Originally Posted by Cursed
I'm unsure how to go about either problem. Can I get some direction? Thanks. (Happy)

1. Find the values of the constants $a$ and $b$ such that $\lim_{x\to0} \frac{\sqrt[3]{ax +b} -2}{x} =\frac{5}{12}$

My attempt:
$f'(0) = \lim_{x\to0} f(x) = \lim_{x\to0} \frac{f(x) - f(a)}{x-a}$

$f(x) = \sqrt[3]{ax +b}$
$f'(x) = \frac{1}{3}a(ax+b)^{-2/3}$
$f'(0) = \frac{1}{3}ab^{-2/3}$

$\frac{1}{3}ab^{-2/3} = \lim_{x\to0} \frac{\sqrt[3]{ax +b} -2}{x} =\frac{5}{12}$

$\frac{1}{3}ab^{-2/3} = \frac{5}{12}$

$ab^{-2/3} = \frac{5}{4}$

$a = \frac{5b^{2/3}}{4}$

$b$ must equal $8$, so that the numerator approaches zero as the denominator does. Otherwise, the function will blow up as $x\to0$.

Now use L'Hopital's Rule.

Spoiler:
$\lim_{x\to0}\frac{\sqrt[3]{ax+8}-2}{x}=\lim_{x\to0}\frac{a}{3}(ax+8)^{-2/3}$.

Plugging in $x=0$ gives:

$\frac{a}{3}\cdot8^{-2/3}=\frac{a}{12}$

So $a=5$, $b=8$.
• Oct 31st 2009, 06:01 PM
redsoxfan325
Quote:

Originally Posted by Cursed
I'm unsure how to go about either problem. Can I get some direction? Thanks. (Happy)
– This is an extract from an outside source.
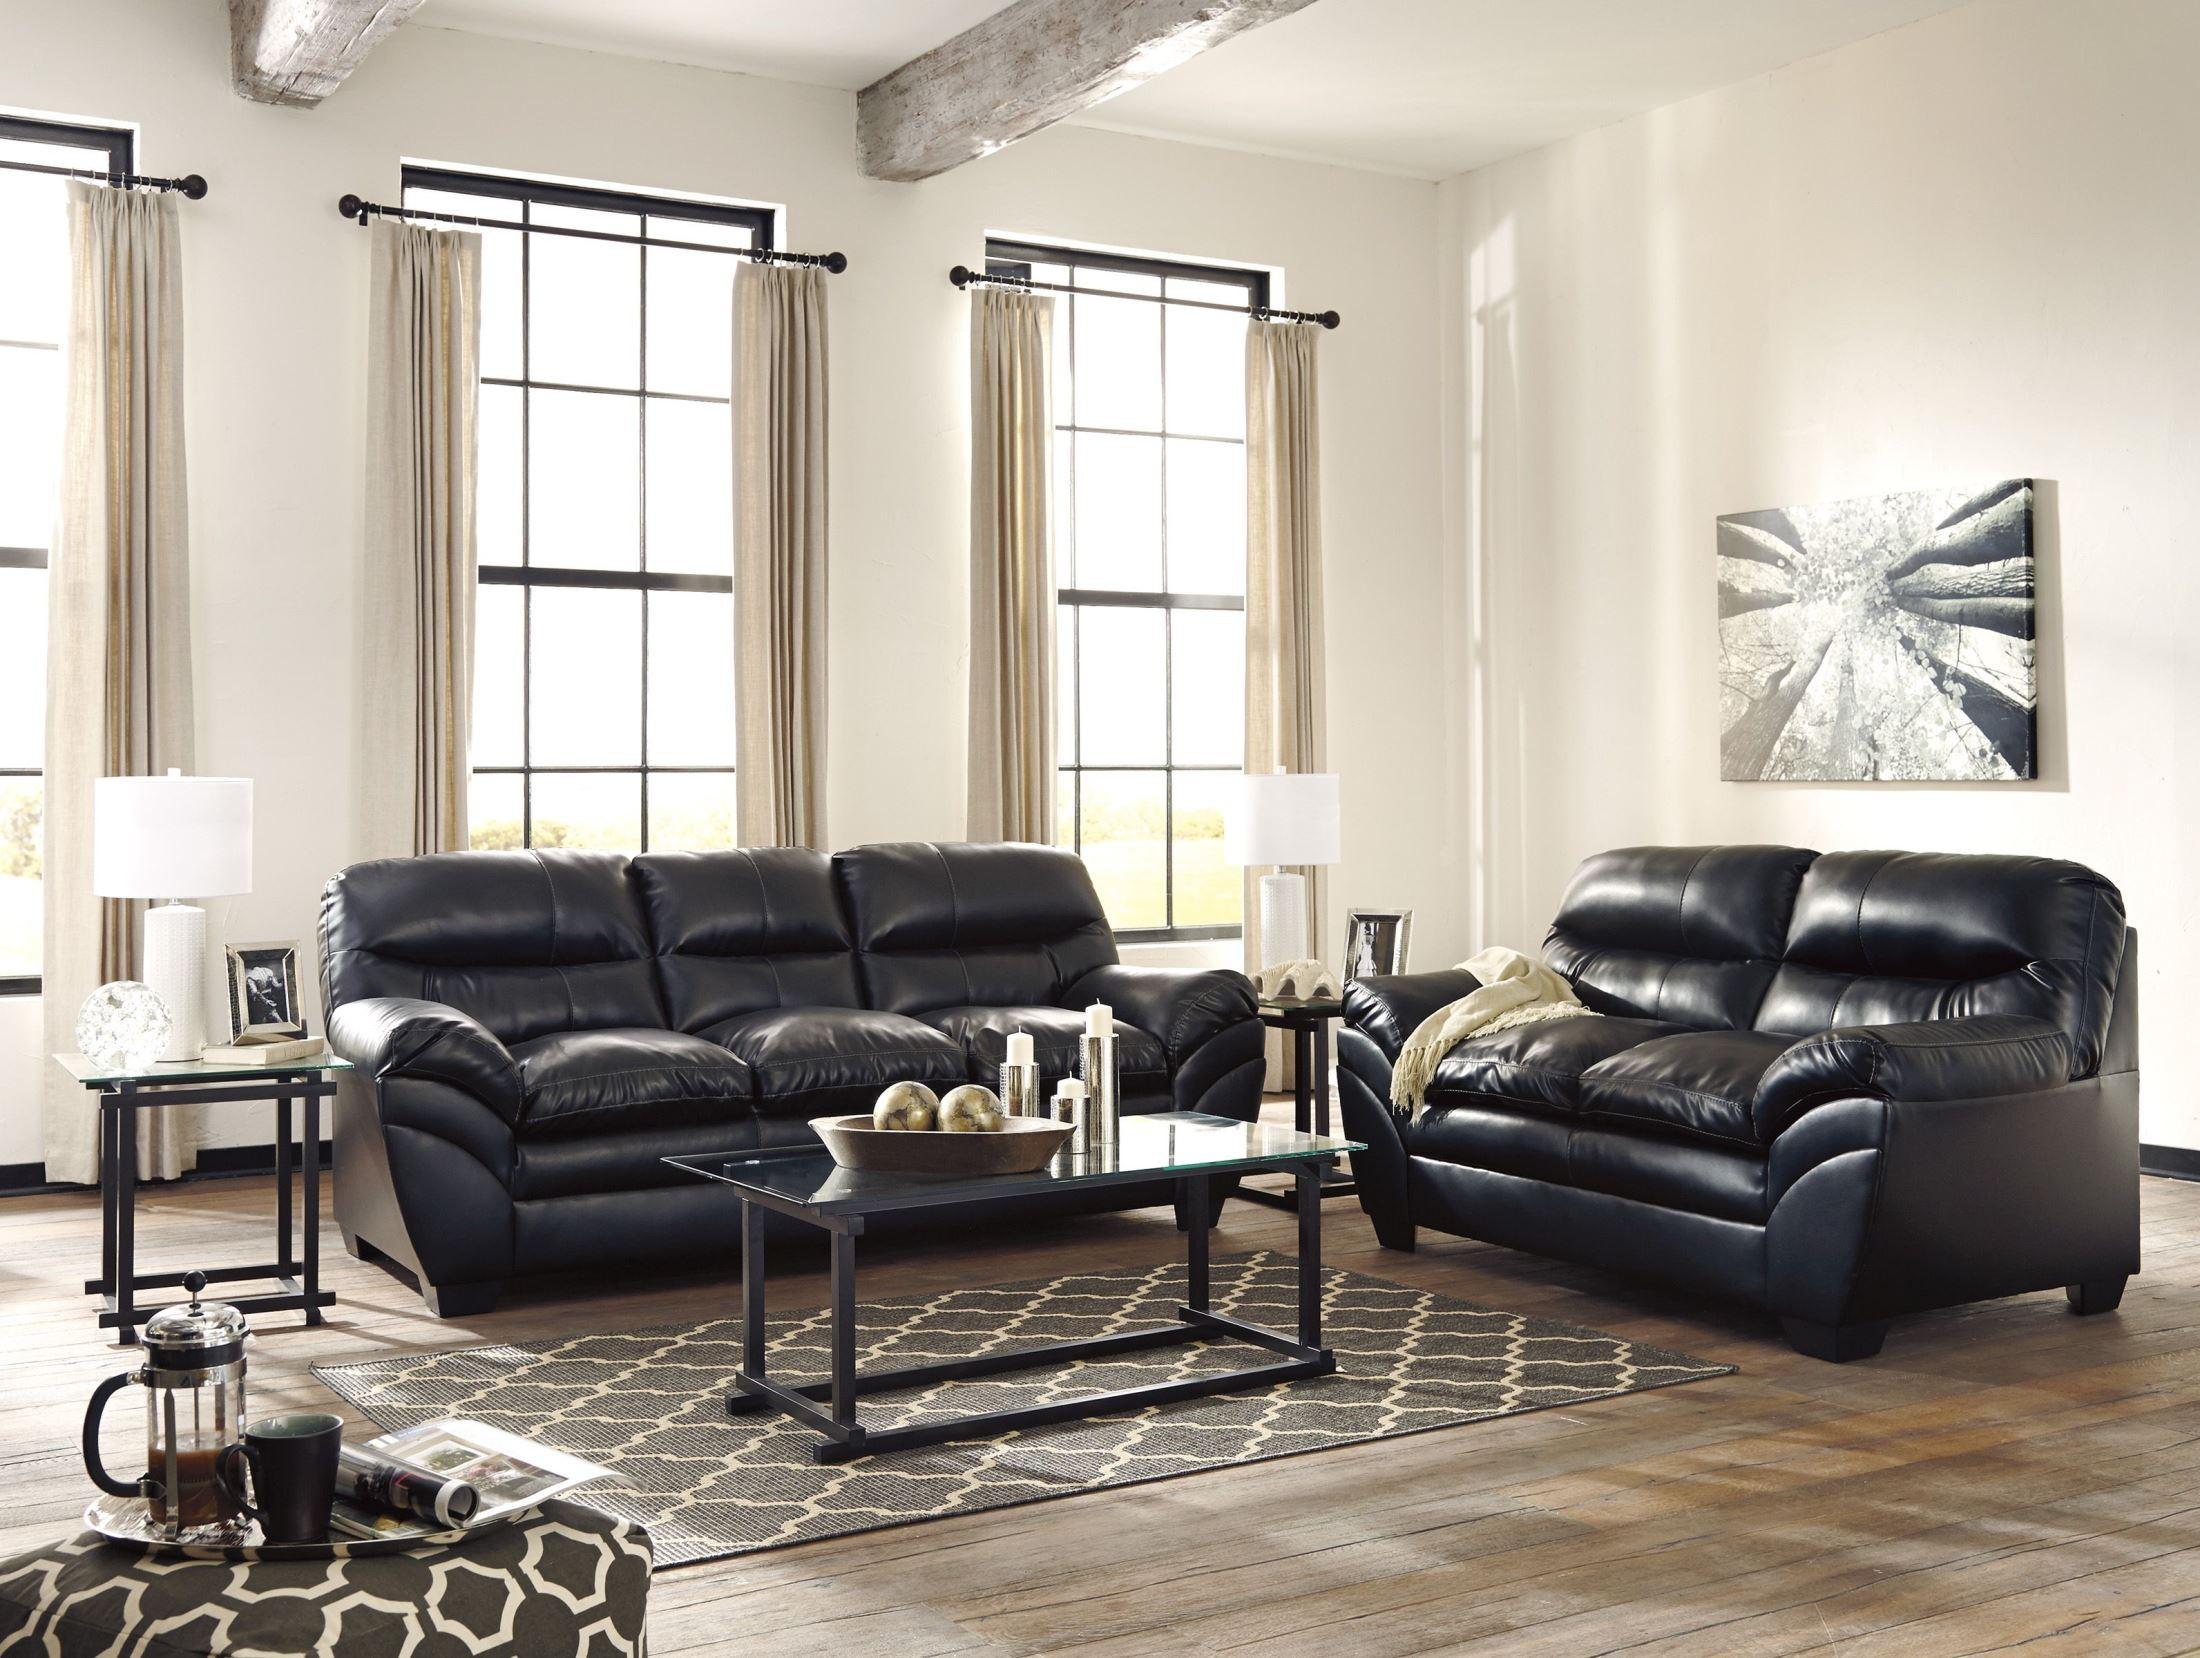 Tassler Durablend Black Living Room Set from Ashley

2. Show that the length of the portion of a-ny tangent line to the asteroid $x^{2/3} + y^{2/3} = a^{2/3}$ cut off by the coordinate axes is constant.

My attempt:

$x^{2/3} + y^{2/3} = a^{2/3}$

$\frac{2}{3}x^{-1/3} +\frac{2}{3}y^{-1/3}\frac{dy}{dx} = 0$

$x^{-1/3} +y^{-1/3}\frac{dy}{dx} = 0$

$\frac{dy}{dx} = \frac{-x^{-1/3}}{y^{-1/3}}$

$\frac{dy}{dx} = \frac{-x^{-1/3}}{[(a^{2/3}-x^{2/3})^{3/2}]^{1/3}} {\color{red}~\neq~} \frac{-x^{-1/3}}{(a^{2/3}-x^{2/3})^2}$

Not sure I understand what the problem is asking, but there is a small error in your last calculation.

$\frac{dy}{dx} = \frac{-x^{-1/3}}{y^{-1/3}}=-\frac{y^{1/3}}{x^{1/3}}=-\frac{[(a^{2/3}-x^{2/3})^{3/2}]^{1/3}}{x^{1/3}}=-\frac{\sqrt{a^{2/3}-x^{2/3}}}{x^{1/3}}$ $=-\frac{\sqrt{a^{2/3}-x^{2/3}}}{\sqrt{x^{2/3}}}=-\sqrt{\frac{a^{2/3}}{x^{2/3}}-1}=-\sqrt{(a/x)^{2/3}-1}$

Whatever calculation you need to do, the derivative is probably easiest to work with in that form.